Дуняша, уже встав из-за стола, посмотрела на Полунина надменно, сверху вниз.
— Я урожденная Ухтомская, сударь. А князья Ухтомские, если уж на то пошло, — прямые Рюриковичи. Хотя сама я не княжна, у нас боковая ветвь, но все равно — Ухтомская есть Ухтомская. Даже учитывая мою татарскую бабушку, во мне хватит голубой крови на дюжину Новосильцевых!
— Хорошо, хорошо, — сказал Полунин, подавив улыбку, — прости, Авдотья свет Рюриковна, не знал твоей родословной. Ты когда вернешься?
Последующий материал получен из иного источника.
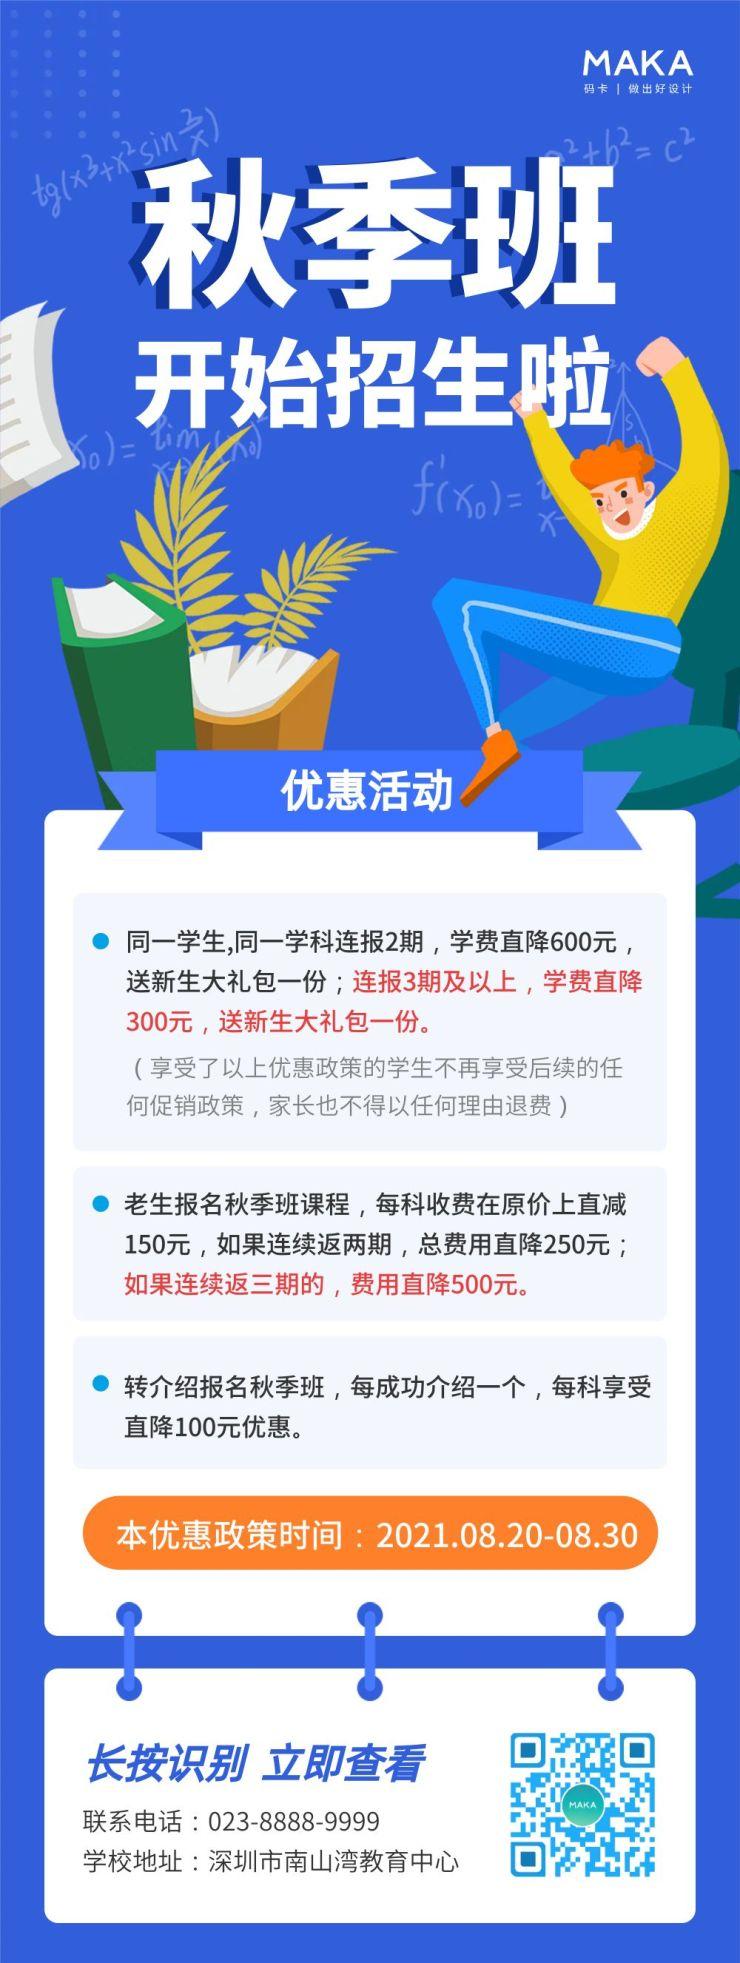 蓝色简约风格秋季班招生宣传长图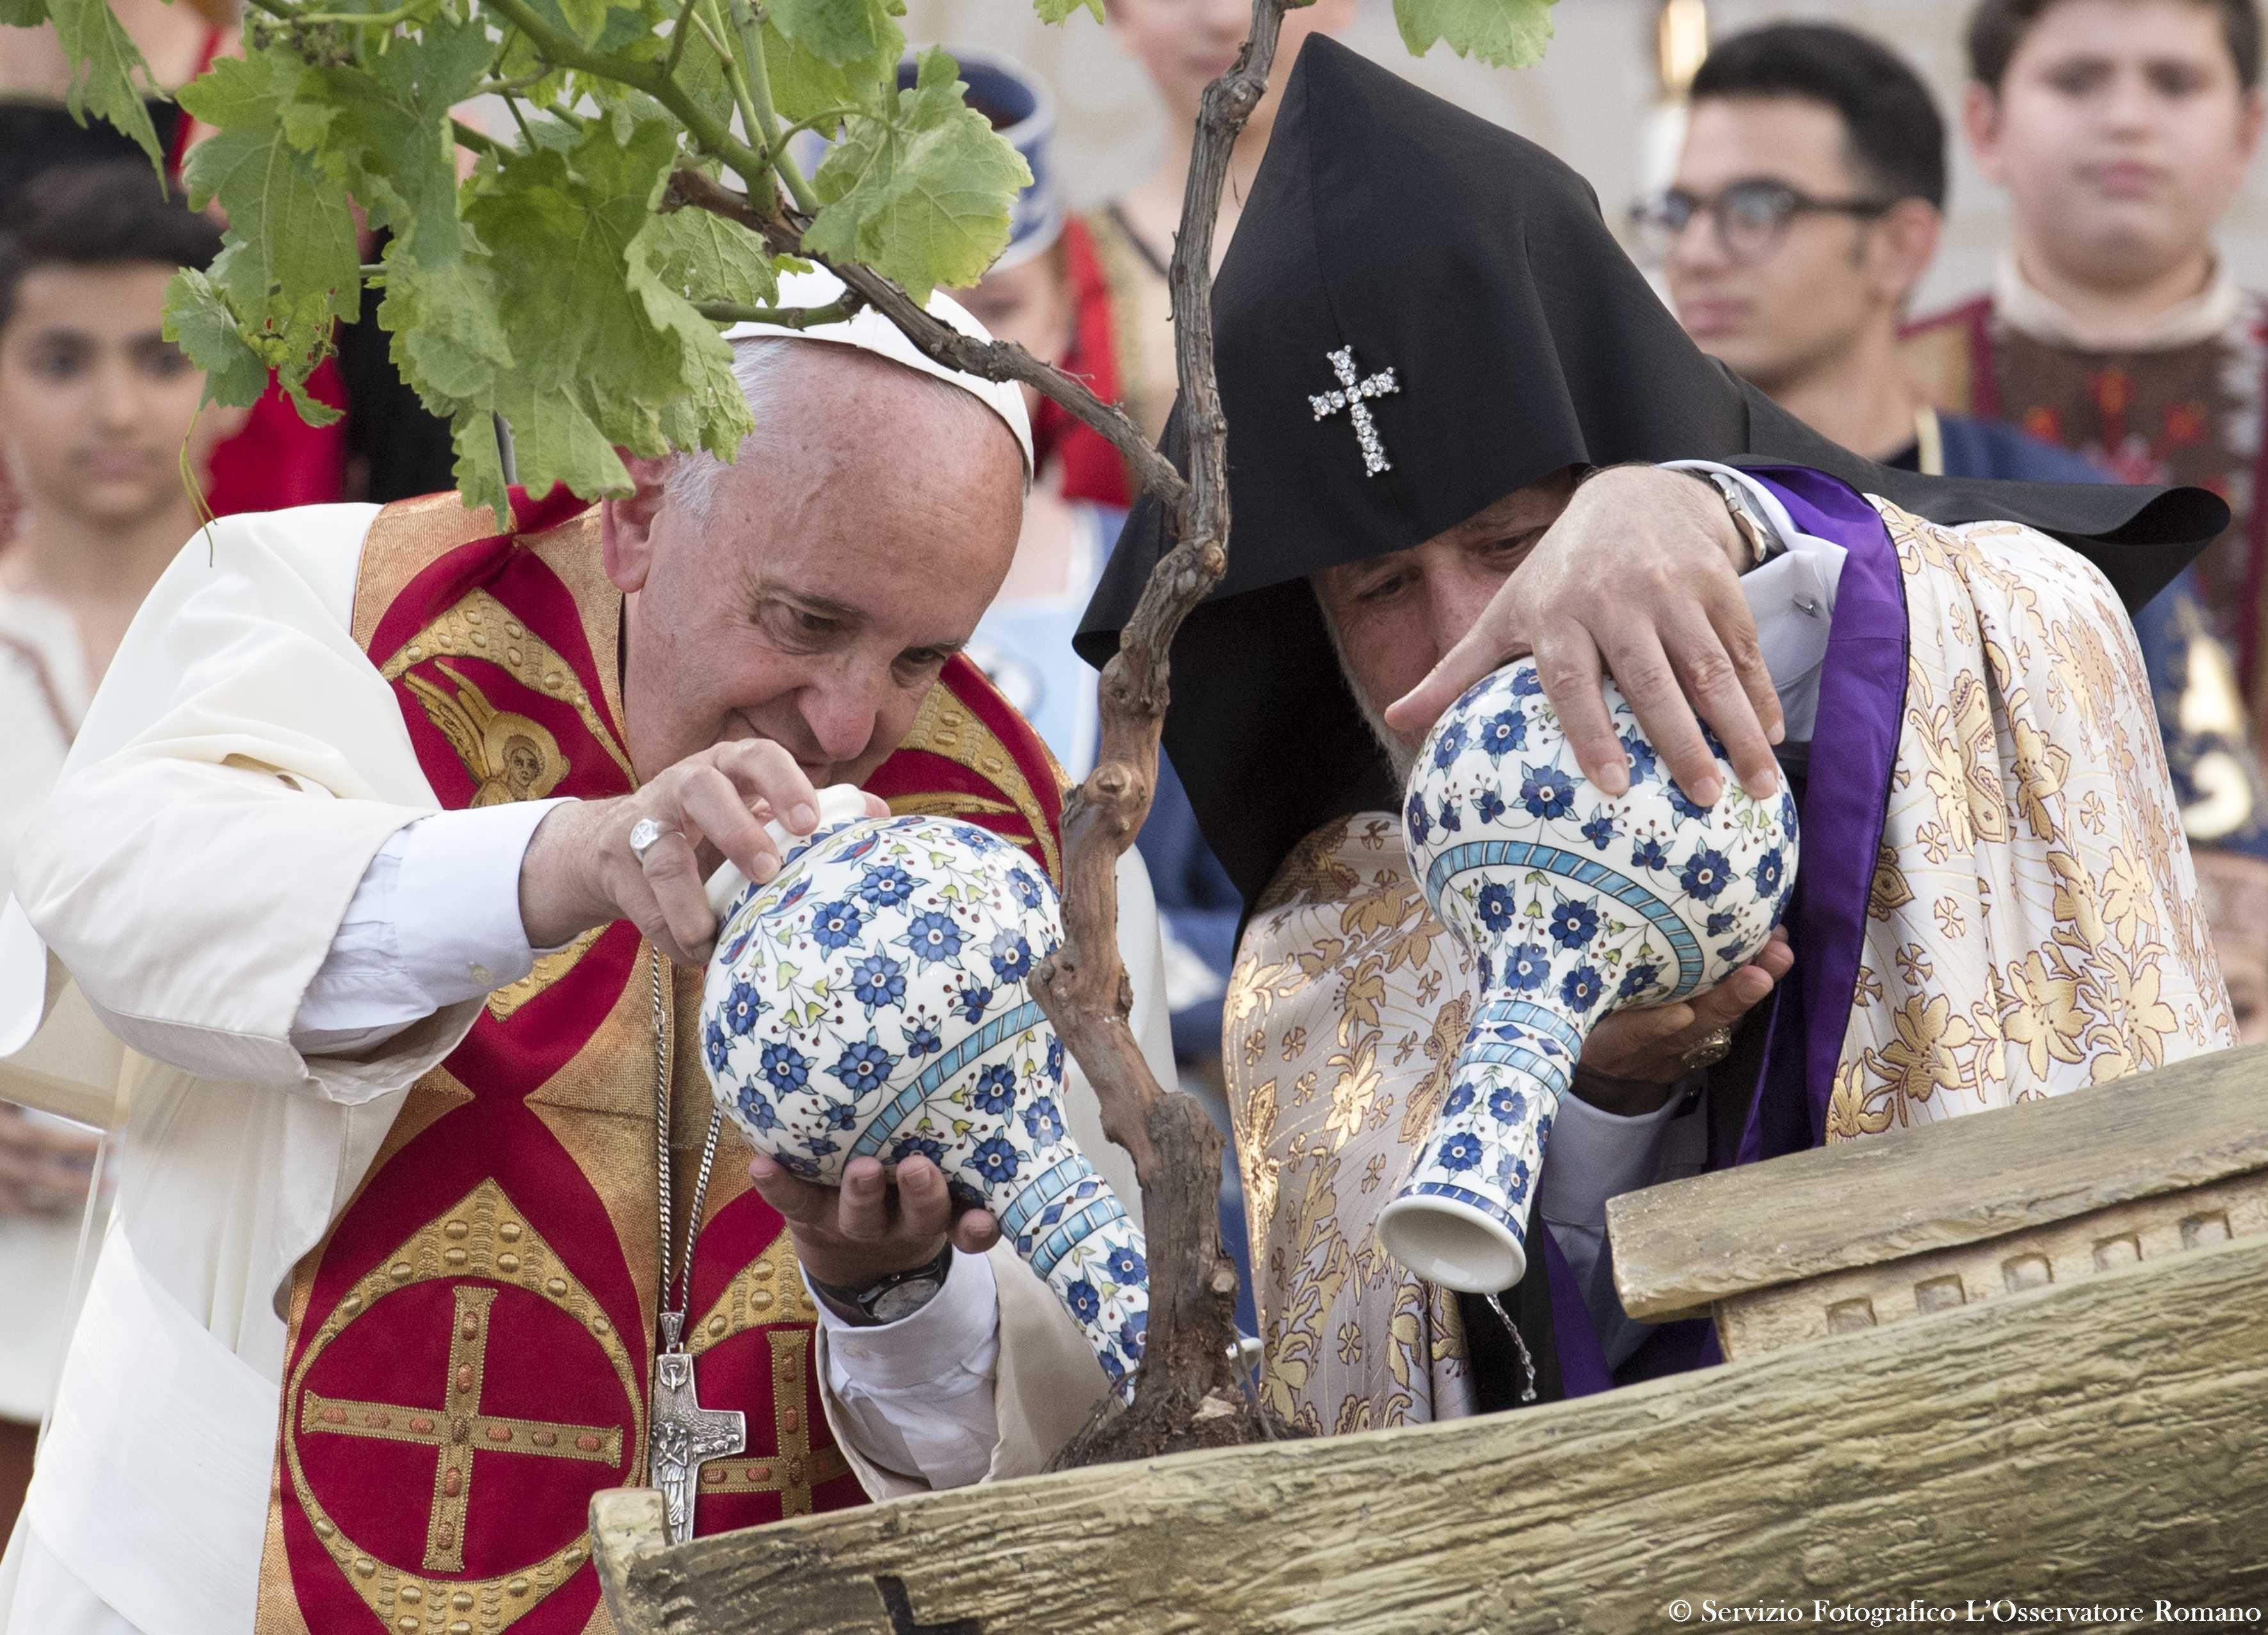 Prière pour la paix, Erevan, 25 juin 2016, le pape et le catholicos arrosent un pied de vigne planté dans une miniature de l'Arche de Noé © L'Osservatore Romano

— Это зависит. У меня нынче масса дел, и потом, если Рикарди начнет строить мне куры — это я не от самомнения, куры он Строит всем решительно! — если он, скажем, пригласит меня пообедать…
— Ох, смотри, Евдокия, доиграешься.
— Но боже мой, у меня и в мыслях нет с ним играть, этот Рикарди нужен мне, как кошке аккордеон, — но когда ведешь деловую жизнь… Словом, не знаю! Ну, я побежала, милый, не скучай…
Легко сказать — «не скучай». Последнее время Полунин не знал, чем заняться, чтобы заполнить мучительную пустоту ожидания. Книги валились из рук, он не мог сосредоточиться, постоянно возвращаясь мыслями к одному и тому же. Выставка была изучена до последнего экспоната, да и не очень разумно было бы крутиться там каждый день…
А ждать предстояло еще долго. Два месяца, три, а может, и еще дольше: чем больше успокоится Дитмар (если его и в самом деле предупредили из Парагвая), тем легче будет его взять. Нужно только хорошо организовать наблюдение, а вот с этим дело обстояло неважно. Кривенко аккуратно звонил из Кордовы в условленные дни около полуночи — в это время легче было дозвониться, обычно междугородные линии бывали перегружены, — но ничего интересного не сообщал. Устроиться монтером бывшему адъютанту удалось без труда, но личные контакты с «дедом» пока не налаживались.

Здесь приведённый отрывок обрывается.